Okay. But in your partner discussion you involve these compounds as well?

Sorry?

In your partnership discussions, you would also cover these compounds?

We do, yes.

And lastly, also cash question, you plan to have about $200 million by the end of the year, so just based on my rough calculation you probably have to add about $100 million or so between now and the end of the year and, I guess, potentially there is a $20 million milestone from Bristol, but the new partnerships you have to have some payments of about $80 million. Is that the right calculation?

I think directionally, May-Kin, you're going in the right direction here but keep in mind there is several components. You highlighted one with regard to potential milestones that we may achieve in the later part of the year. The second I would say is the timing and the extent of our cost-cutting efforts that we announced on the call today, and then the third one is the outcome of our business development activities. And where exactly we come out, of course, is a function of where we come out on all three of those.

All right. Great. Thank you very much.

(OPERATOR INSTRUCTIONS)

And your next question comes from the line of Joel Sendek with Lazard Capital. Please proceed.

Thanks. I have two questions. First, can you just go over the reason why GSK didn't opt in on an additional compound?

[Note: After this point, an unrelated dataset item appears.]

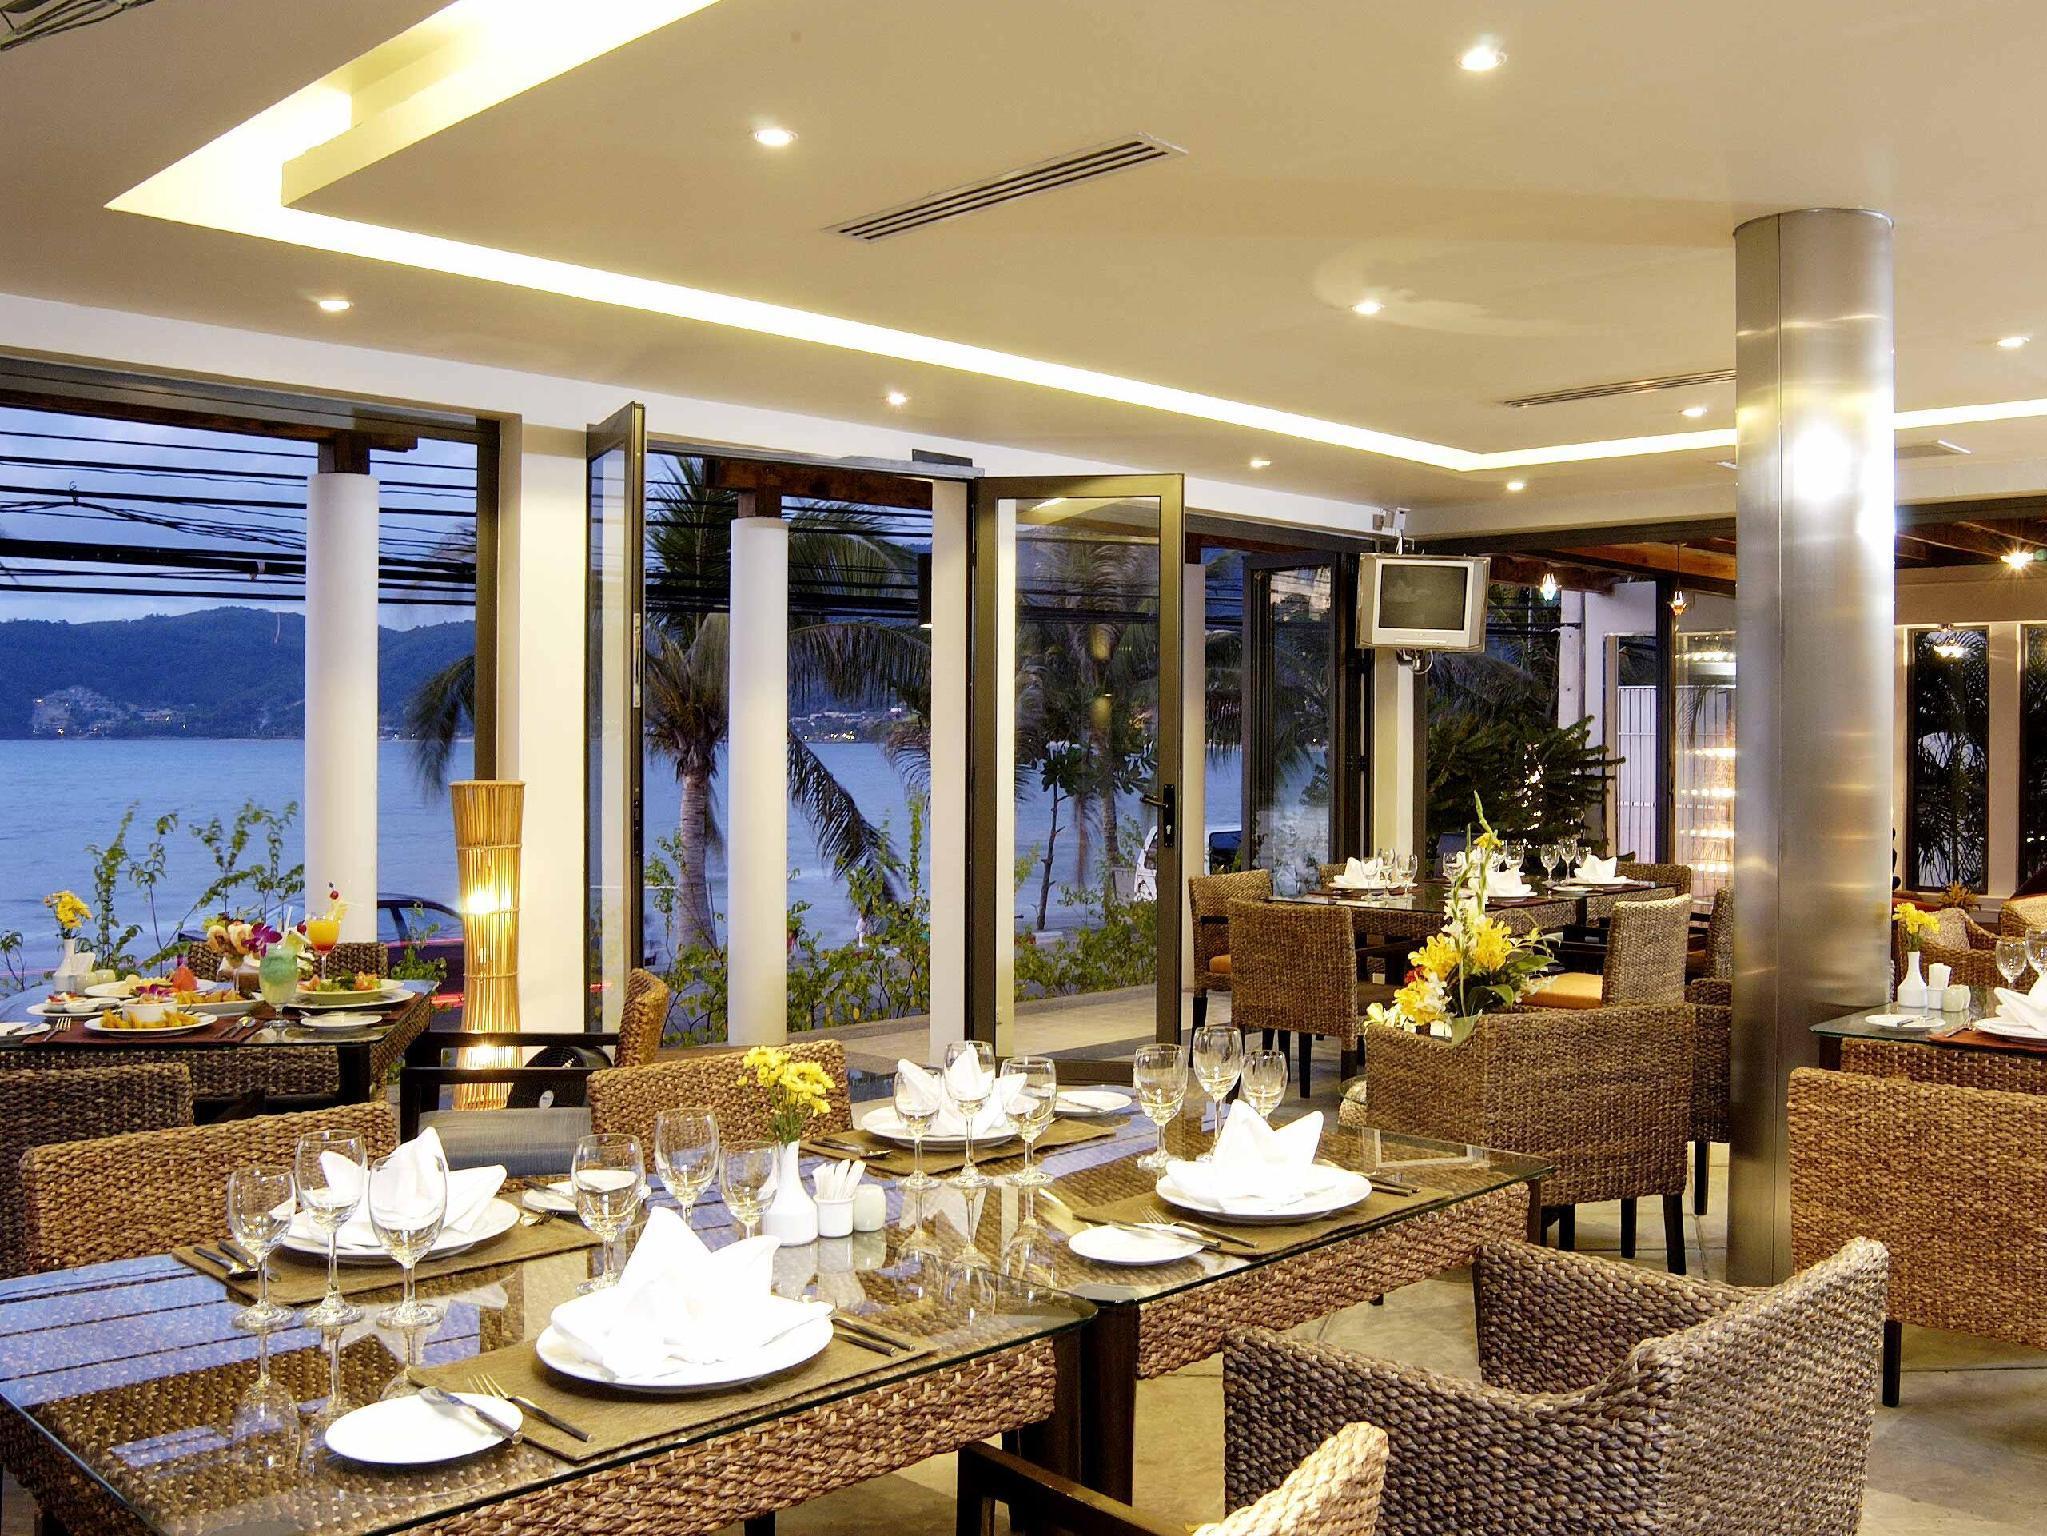 Avantika Boutique Hotel Patong Beach อวันติกา บูทิก โฮเต็ล หาดป่าตอง

Look, GSK gives us a little insight into their thinking, but only a limited amount. So I can speculate a bit, but the bottom line is I really don't know. You know, we've said for a while we weren't sure if they were going to take 184 because it has a similar mechanism of action to 880, which they've already taken. 880 is also a very nice-looking compound being moving forward by GSK, so I can imagine they wouldn't want to pay twice for compounds that have a similar mechanism. For the other compounds in the pipeline, I think it's from their part partially balancing their own pipeline, balancing their own needs, and I don't know what else, frankly.

Okay. And then just a financial question. Maybe I'm confused a little bit on the timing here. Obviously, you know more about the state of your business development deals than we do. But I'm just wondering why you wouldn't be more -- wouldn't cut costs pre-emptively or more aggressively prior to, you know, making any of these partnership deals? And what your definition - you mentioned your lean and mean, is that what you are now, or what you will be? Because certainly your R&D expense, you don't look too lean and mean on an operational perspective. Can you just give a little more clarity on that, please?

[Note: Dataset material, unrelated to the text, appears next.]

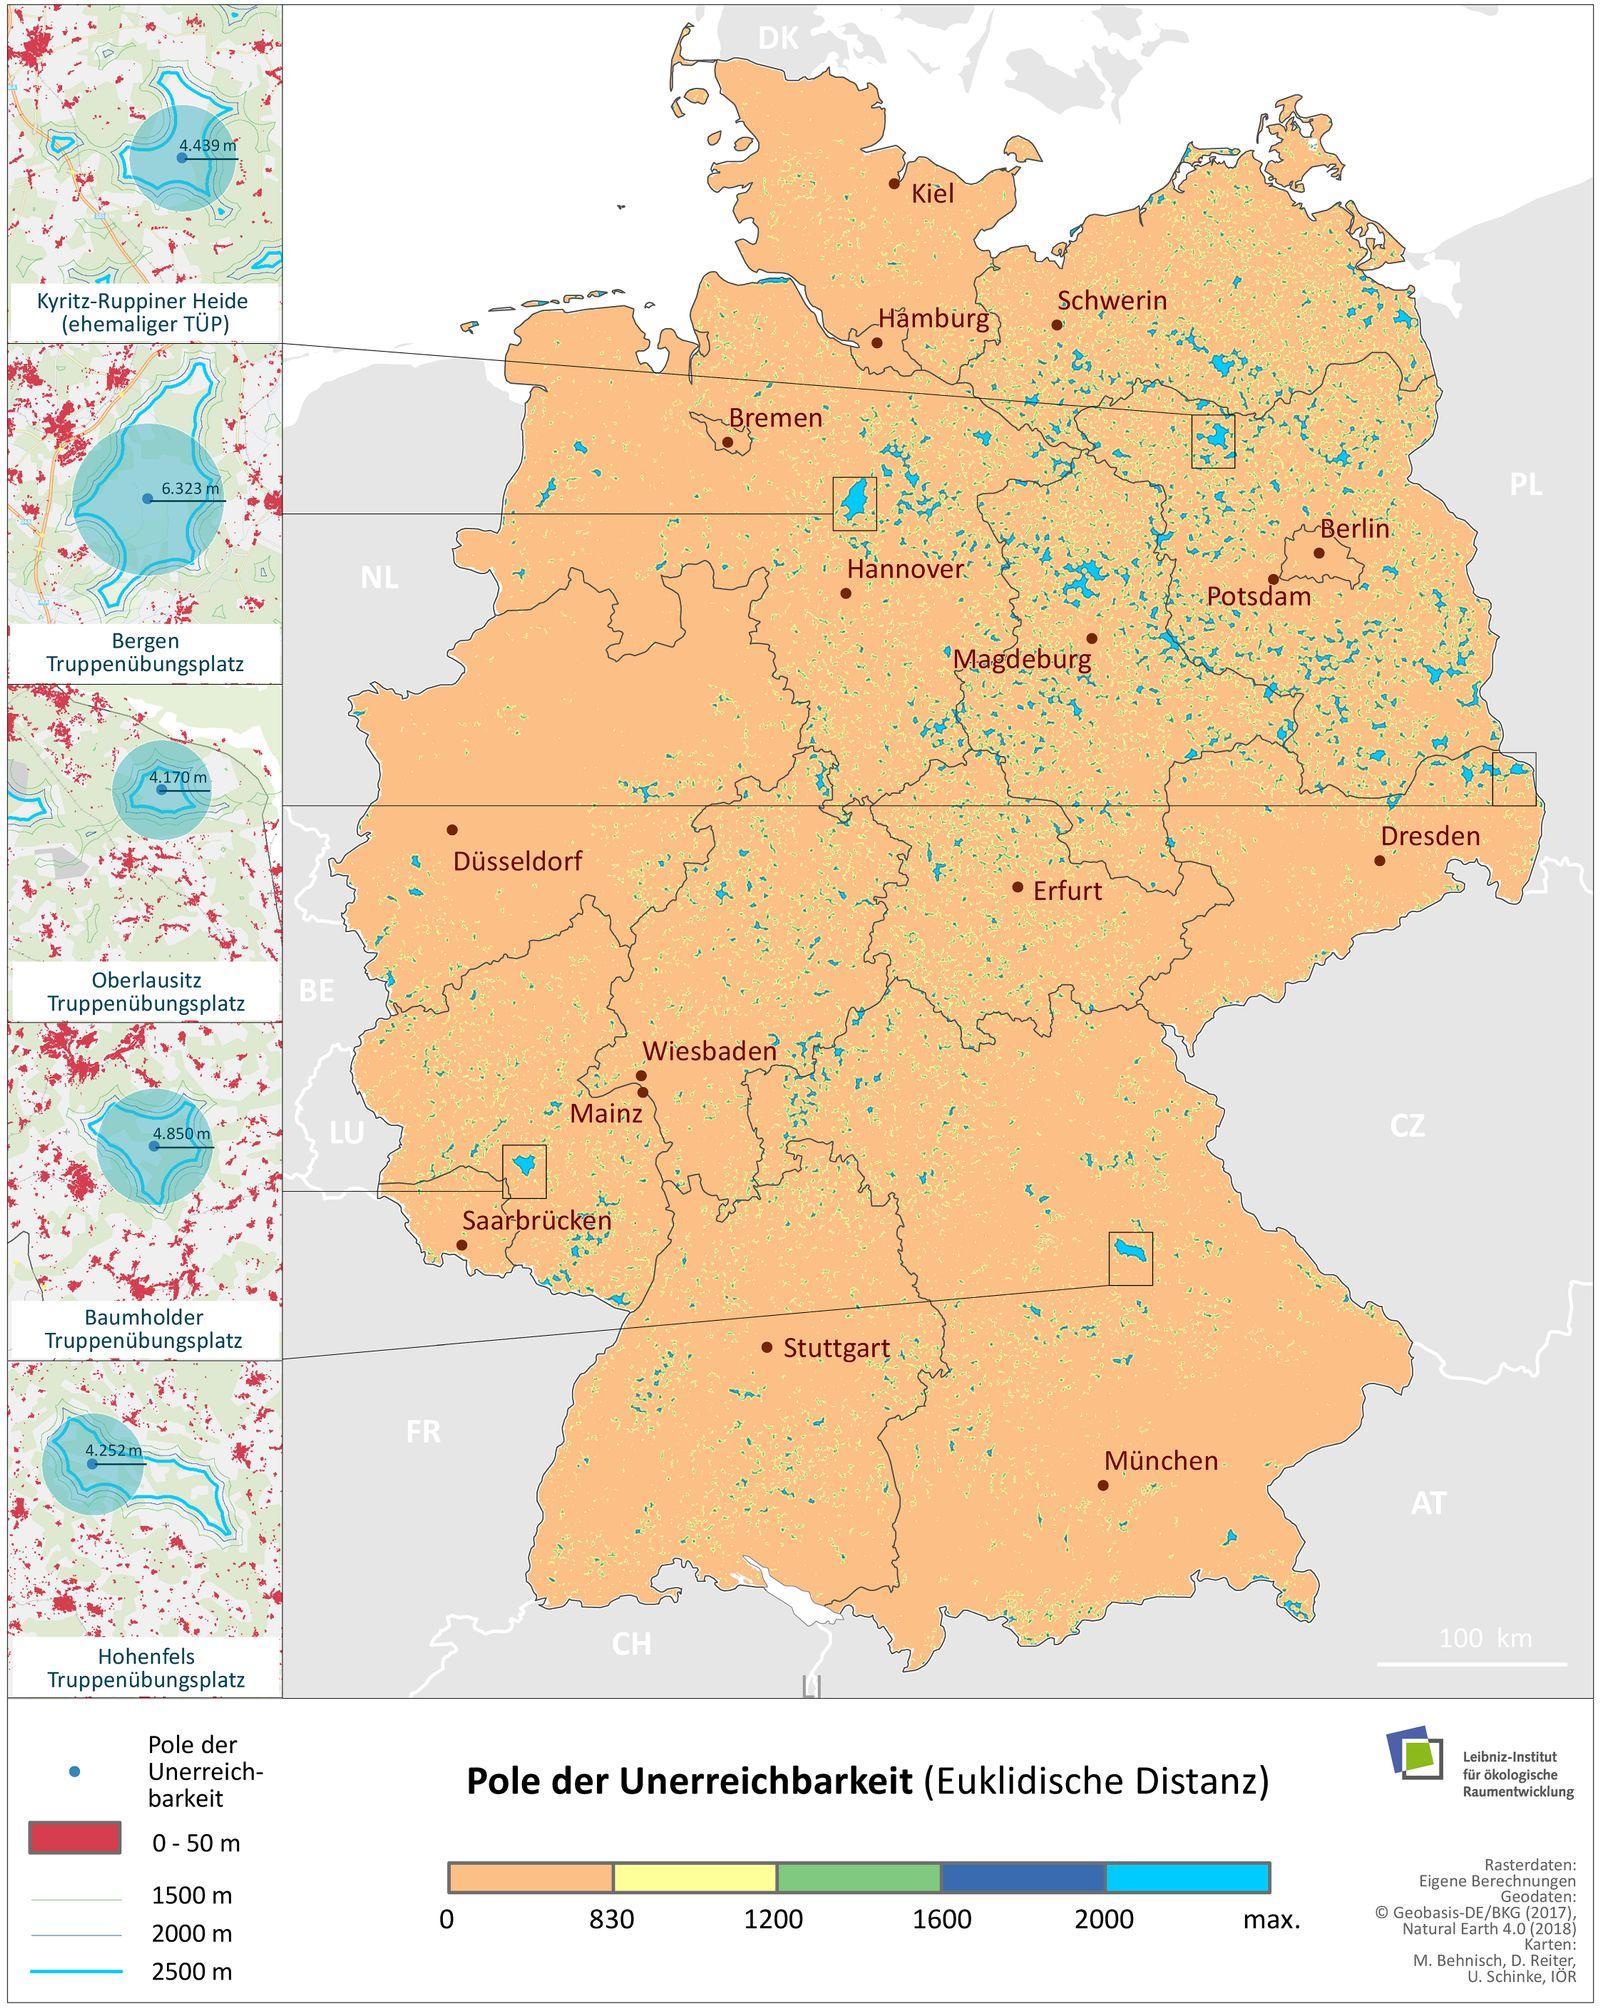 Wohnen in Deutschland: So nah ist das nächste Haus - DER SPIEGEL

Number one, I hope we know more about our partnering. But, look, I think lean and mean means to me not - having 10 people isn't necessary leaner than having 100 people. It is what you get done with those 10 people or that 100 people. It is output per head.

So we are having a number of discussions with pharma companies. Now, some have of them have clearly indicated that they would prefer that we carry the development of the compounds further, and they would cover the costs. So we're not in a position, nor would we would want to eliminate a lot of heads and be unable to carry the development of those compounds further. That makes no sense. So - and it doesn't matter from - in terms of cash usage. It actually is preferable for us to do the development and get paid to do it, rather than just off-loading it to a pharma company. So we're very - we're pretty far along in these discussions, we are going to know within a reasonably short period of time here how these things are sorting out, and we'll take the appropriate steps at that time.

Now that being said, there are a group of people in a number of positions that can -- can and will be reduced regardless of how the partnering sorts itself out, because we have to bring our total costs down. That we will do before we sign a partnership. So we'll do some of it now, immediately, and we will have further reductions potentially once the partnerships become clear.

Okay. That helps. Thank you.

And you have no further questions at this time.

Okay. If there are no more questions, let me thank everybody for their attention today and we'll all get back to work. We have plenty to do. Thanks, everybody.

Thank you for your participation in today's conference. This concludes the presentation. You may now disconnect. Good day.